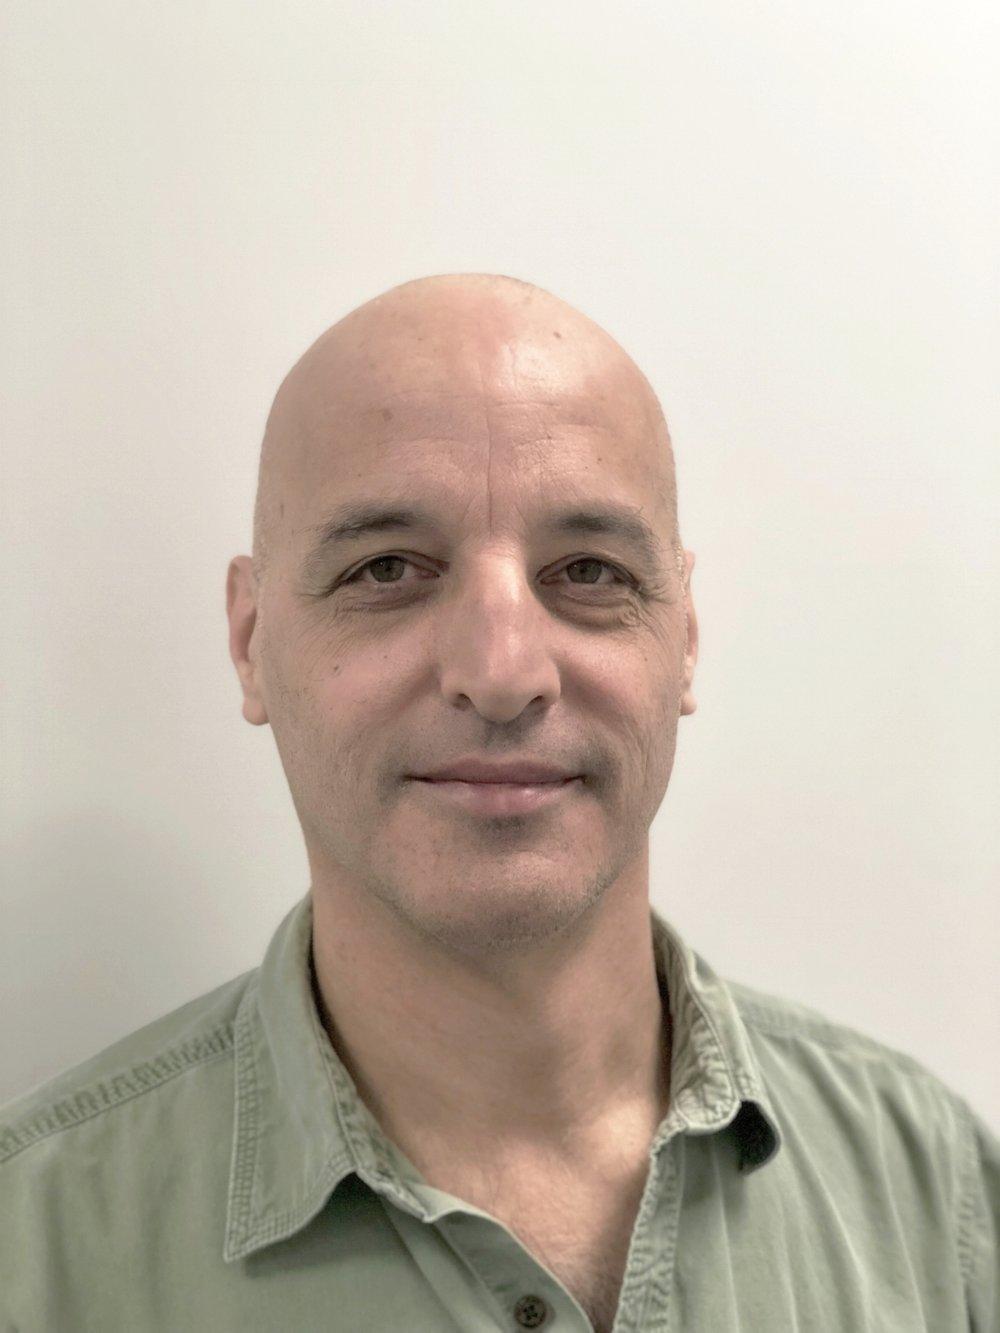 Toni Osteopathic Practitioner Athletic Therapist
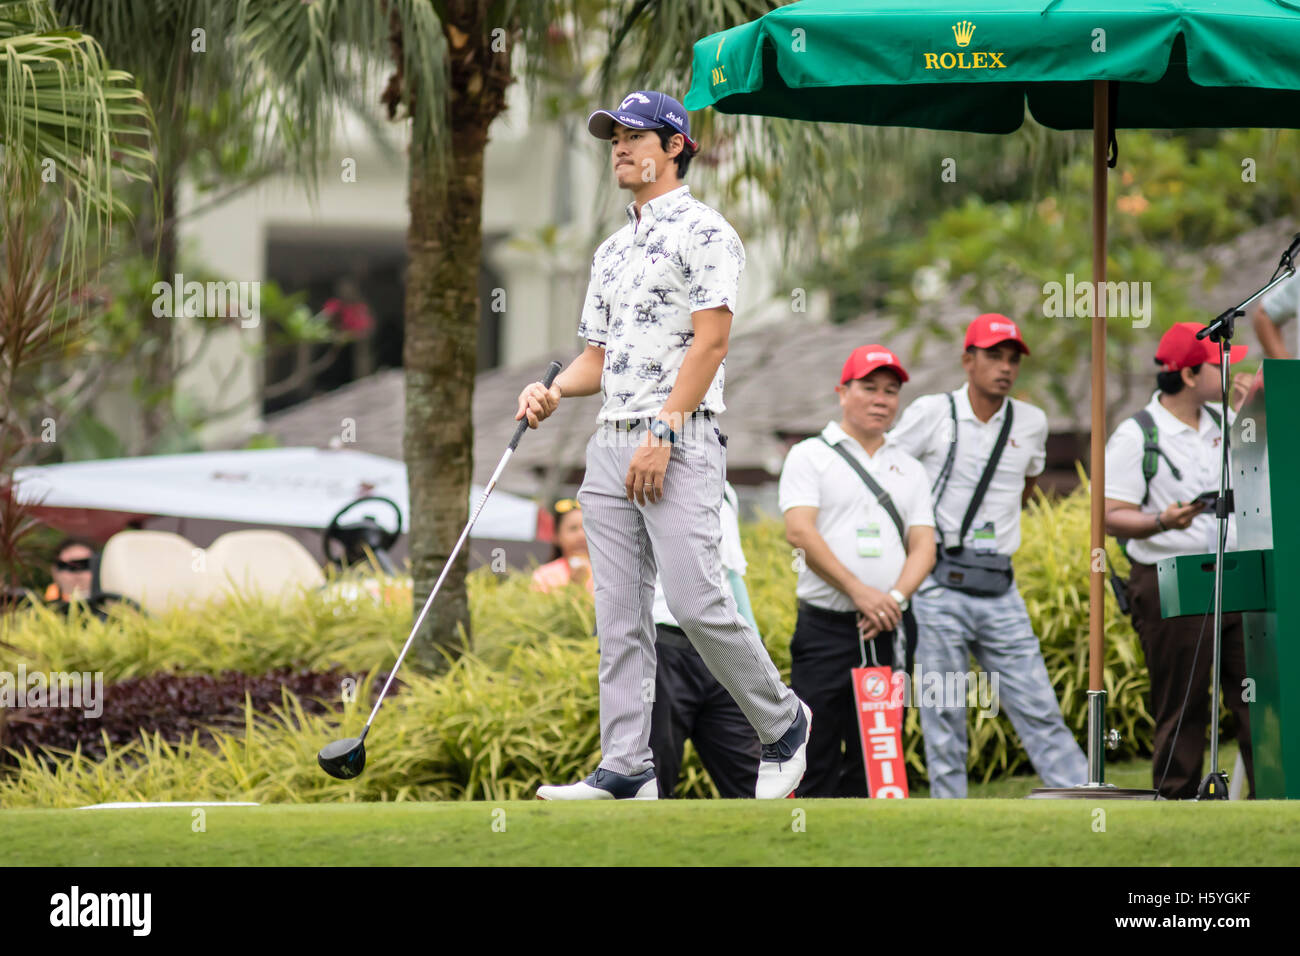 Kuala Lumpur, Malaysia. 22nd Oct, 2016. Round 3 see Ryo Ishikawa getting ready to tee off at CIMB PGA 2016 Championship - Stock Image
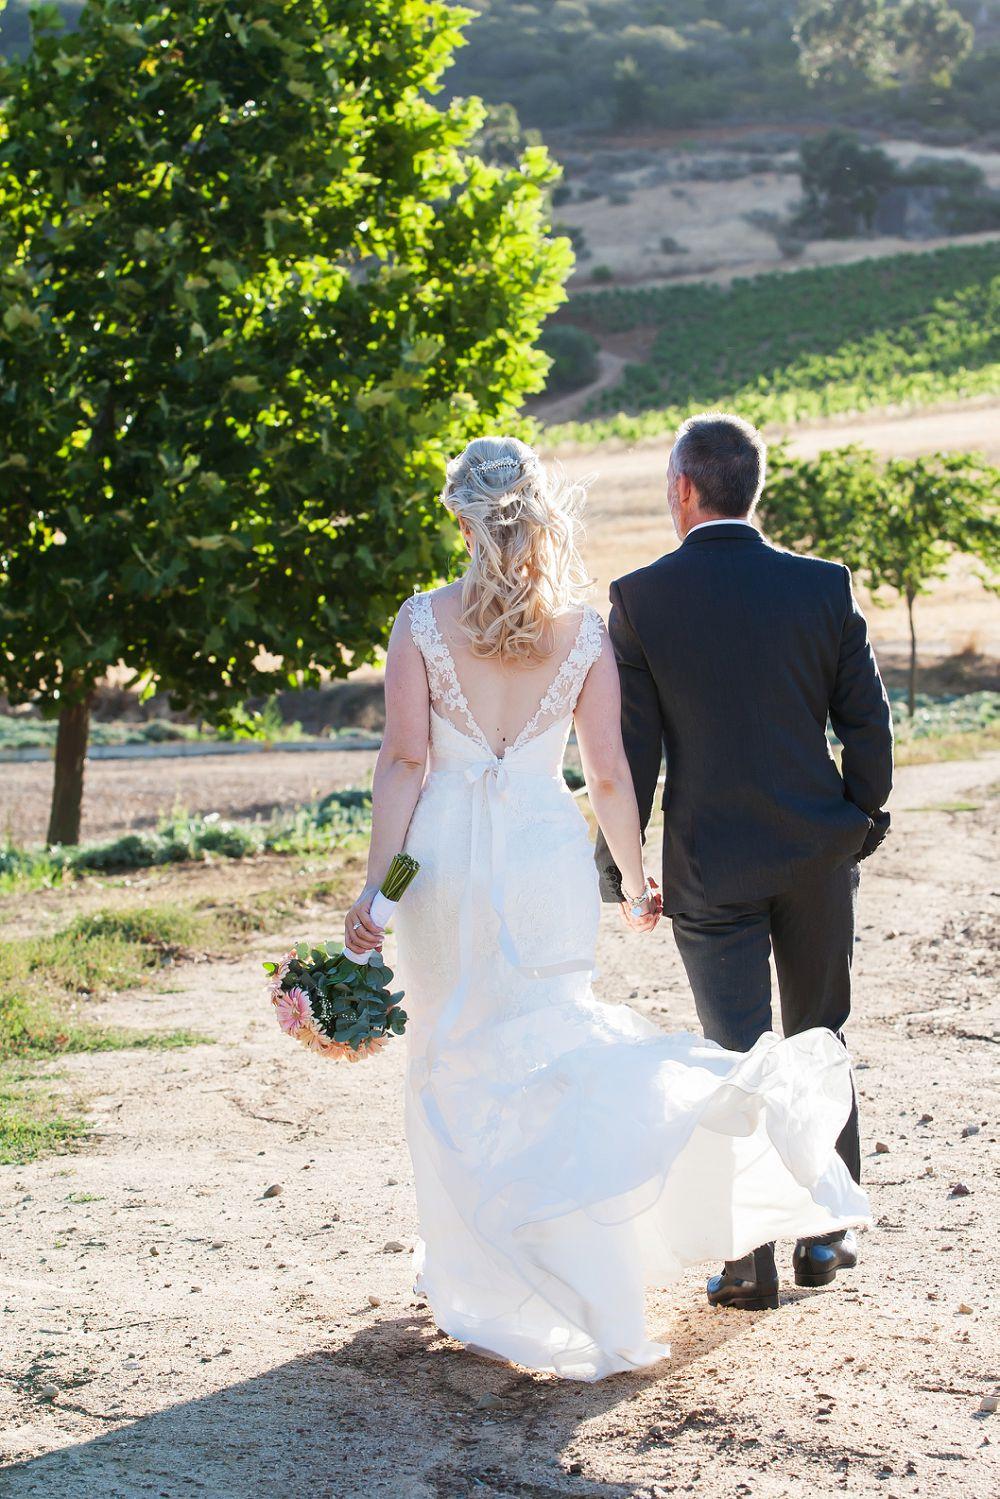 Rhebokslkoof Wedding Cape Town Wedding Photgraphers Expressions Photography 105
+++
• _EXERCISE INSTRUCTIONS_
Copy out the lines above in full and unaltered, apart from the pictures.

• _EXPECTED OUTPUT_
 Toni Osteopathic Practitioner Athletic Therapist
 Kuala Lumpur, Malaysia. 22nd Oct, 2016. Round 3 see Ryo Ishikawa getting ready to tee off at CIMB PGA 2016 Championship - Stock Image
 Rhebokslkoof Wedding Cape Town Wedding Photgraphers Expressions Photography 105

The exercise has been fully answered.